= Léo Chauliac =

French jazz pianist and composer

Léo Chauliac, né Léon Chauliac (6 February 1913 – 27 October 1977), was a French jazz pianist, composer and conductor.

A jazz pianist in the 1930s, Léo Chauliac was the accompanist of Charles Trenet from 1941 to 1943, a singer for whom he composed many popular songs. He rubbed shoulders and played with the greatest musicians of the time: Hubert Rostaing, Aimé Barelli, Alix Combelle and Henri Crolla. For a while, as conductor of the orchestra of the famous restaurant Maxim's, he will be the companion for some records by André Claveau and Jacqueline Danno. But it was above all with Jean-Claude Pascal that he wove a long musical career in the 1960s, orchestrating among other things Nous les amoureux, winner of the 1961 Eurovision Song Contest.

==Career==
Born in 1913 in Marseille, Chauliac began his piano studies at the Conservatoire de Marseille where he won a first prize after two years. Then, he came to Paris where he worked with José Iturbi and especially his sister Amparo Iturbi and followed the courses of the Conservatoire de Paris. On November 15, 1930, he was admitted to Santiago Riera's piano class, which he followed until 1935. In 1931 he obtained the 2nd Medal of Solfeggio, in 1932 the 2nd Piano Prize and in 1933, the 1st Piano Prize. During his musical studies at the Conservatoire de Paris, he was in the same class as Maurice Baquet, Henri Betti, Paul Bonneau, Henri Dutilleux, Pierre Spiers and Raymond Trouard.

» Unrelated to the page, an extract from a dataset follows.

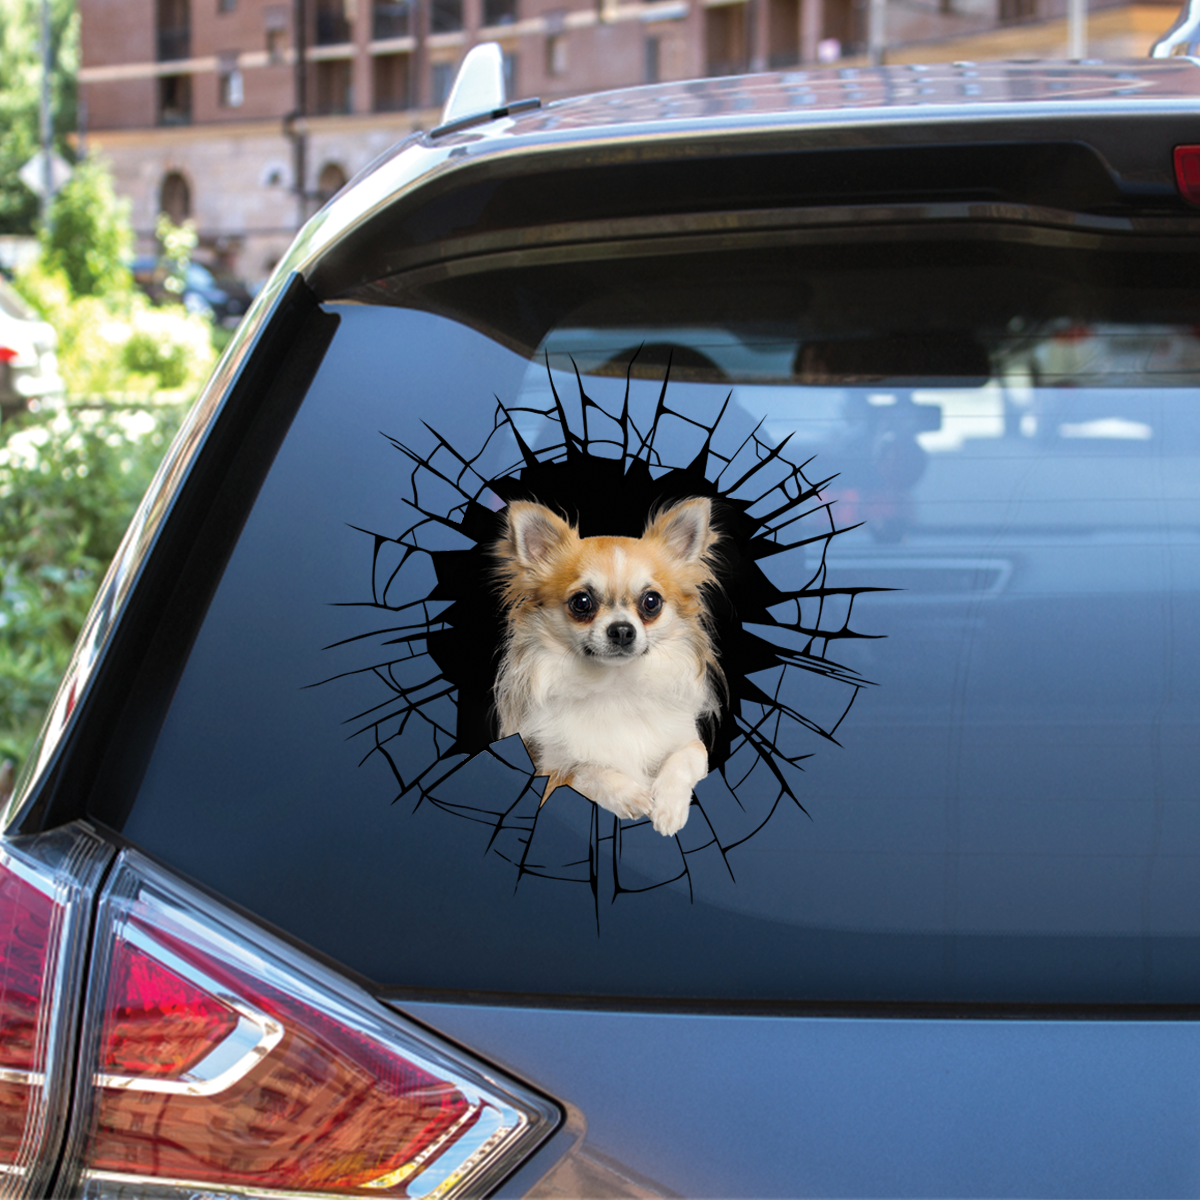 Get In - It's Time For Shopping - Chihuahua Car/ Door/ Fridge/ Laptop Sticker V3

He started playing jazz and then played in a Parisian club, Le Fétiche. In 1934–1935, he was a pianist in the "Grégor et ses Grégoriens" orchestra. He then toured with commercial orchestras such as that of Eddie Foy Sr. With the latter, he performed at the end of 1936 at "Le Bœuf sur le toit". In 1937, he played at the "Swing Time" in André Ekyans orchestra.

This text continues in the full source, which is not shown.